Cogenerator for a type a from a cogenerator for b, given an embedding function (a -> b), and a name for that function (used for pretty-printing).

Example

Expand

The common usage is to construct cogenerators for newtypes.

-- Given some cogenerator of Fruit
cogenFruit :: Co Gen Fruit r

-- Wrap Fruit in a newtype
newtype Apple = Apple { unApple :: Fruit }

cogenApple :: Co Gen Apple r
cogenApple = cogenEmbed "unApple" cogenFruit

If cogenFruit generates a function that looks like:

\y -> case y :: Fruit of { ... }

then cogenApple will look like this, where y is replaced with unApple x:

\x -> case unApple x :: Fruit of { ... }

cogenIntegral :: (Applicative gen, Integral a) => TypeName -> Co gen a r Source #

Cogenerator for an integral type. The name of the type is used for pretty-printing.

Example

Expand

cogenInteger :: Co Gen Integer r
cogenInteger = cogenIntegral "Integer"

cogenInt :: Co Gen Int r
cogenInt = cogenIntegral "Int"

cogenWord :: Co Gen Word r
cogenWord = cogenIntegral "Word"

cogenIntegral' :: Applicative gen => TypeName -> (a -> Integer) -> Co gen a r Source #

Variant of cogenIntegral with an explicit conversion to Integer.

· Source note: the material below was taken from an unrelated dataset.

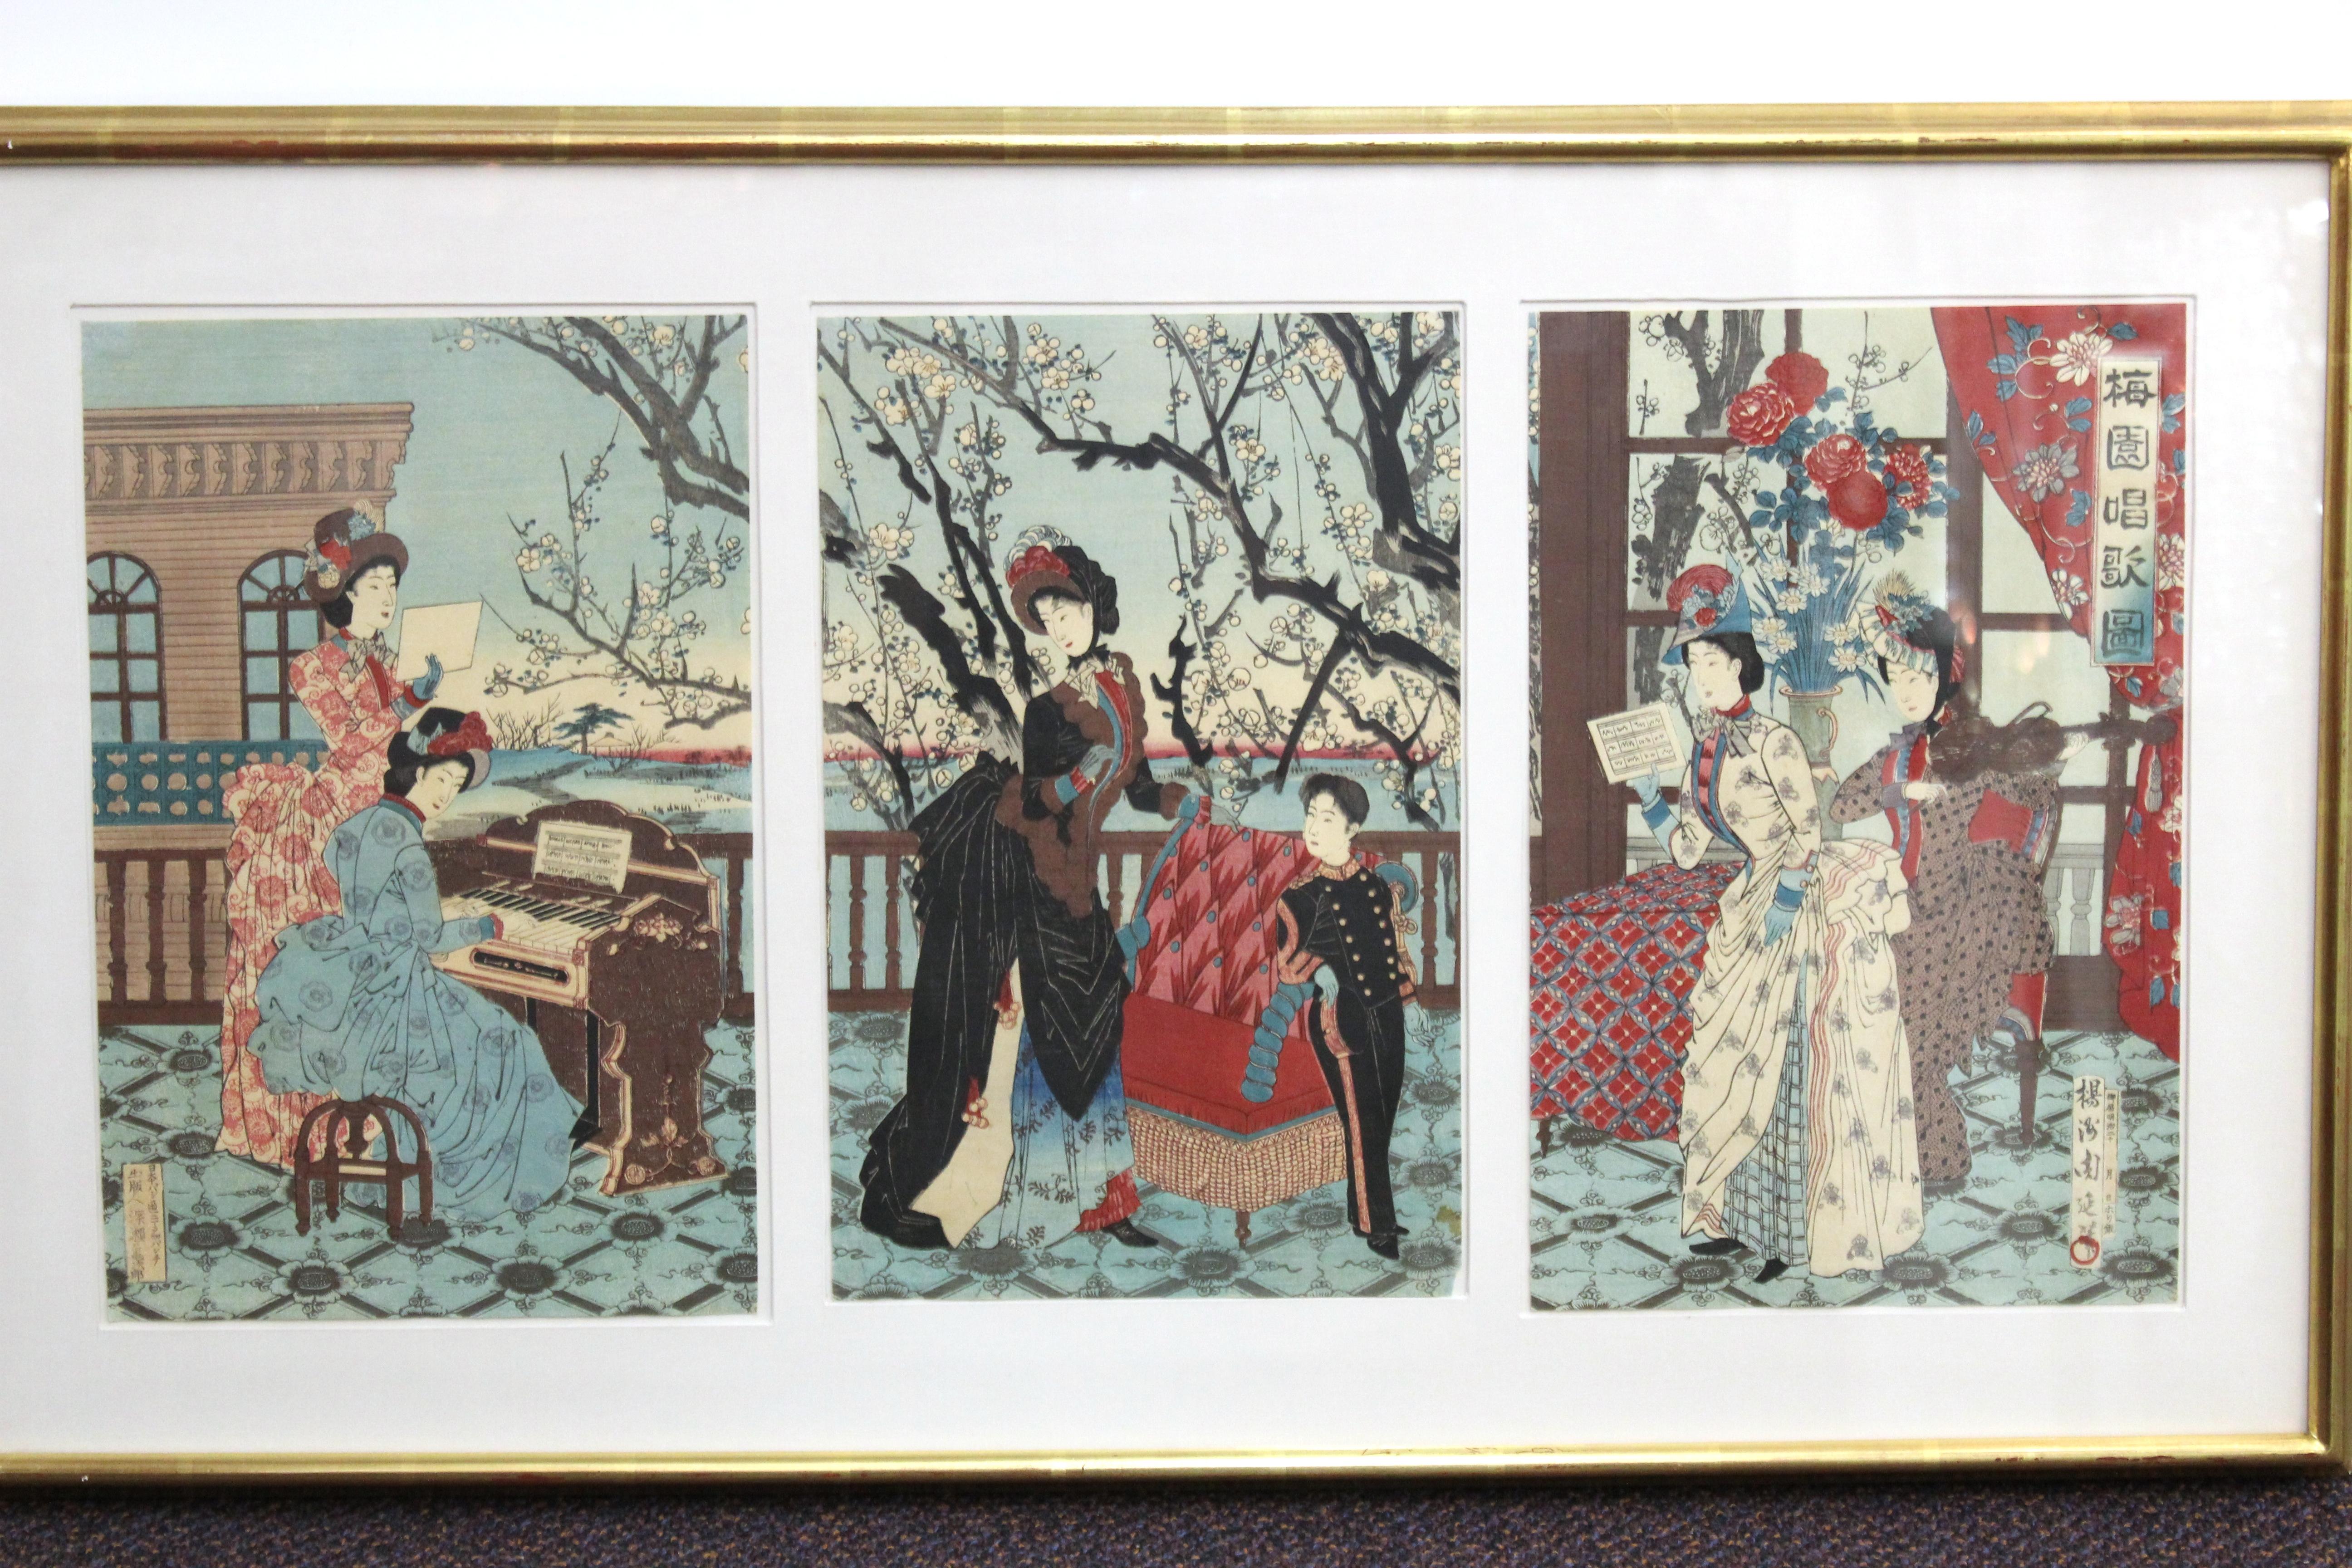 Japanese Meiji period framed set of three woodblock prints from the 'Plum Garden' series, made by Toyohana Chikanobu (1838-1912). An example of this print is at the Kanagawa Prefecture Museum in Yokohama. 
The set dates from circa 1880. The first

genBin :: Applicative gen => gen r -> gen (Bin r) Source #

cogenApply Source #

Arguments

:: Functor gen
=> Concrete a0	Shrink and show `a0`.
-> (a0 -> a)	Reify to value `a` (`id` for simple data types).
-> a0	Value to inspect.
-> gen (b :-> ((a -> b) :-> r))	Cogenerator of `b`
-> gen ((a -> b) :-> r)

Extend a cogenerator of functions (a -> b) (i.e., a generator of higher-order functions ((a -> b) -> r)), applying the function to a given value a and inspecting the result with a cogenerator of b.

This is parameterized by a way to generate, shrink, and show values of type a or, more generally, some representation a0 of values of type a.

Example

Expand

-- Assume Chips is some concrete type.
concreteChips :: Concrete Chips

-- Assume we have a cogenerator of Fish.
cogenFish :: forall r. Gen r -> Gen (Fish :-> r)

-- Then we can use cogenApply to construct this function
-- to transform cogenerators of functions (Chips -> Fish).
cogenX :: forall r.
  Chips ->
  Gen ((Chips -> Fish) :-> r) ->
  Gen ((Chips -> Fish) :-> r)
cogenX = cogenApply concreteChips id . cogenFish

-- If we have some inputs...
chips1, chips2, chips3 :: Chips

-- ... we can construct a cogenerator of functions by iterating cogenX.
cogenF :: forall r. Gen r -> Gen ((Chips -> Fish) :-> r)
cogenF = cogenX chips1 . cogenX chips2 . cogenX chips3 . cogenConst

cogenConst :: Functor gen => Co gen a r Source #

The trivial cogenerator which generates a constant function.

cogenFun Source #

Arguments

:: Monad gen
=> Concrete a0	Shrink and show `a0`.
-> gen (Maybe a0)	Generate representations of argument values.
-> (a0 -> a)	Interpret a representation `a0` into a value `a` (`id` for simple data types).
-> Co gen b ((a -> b) :-> r)	Cogenerator of `b`.
-> Co gen (a -> b) r

Construct a cogenerator of functions (a -> b) from a cogenerator of b, using gen (Maybe a0) to generate random arguments until it returns Nothing.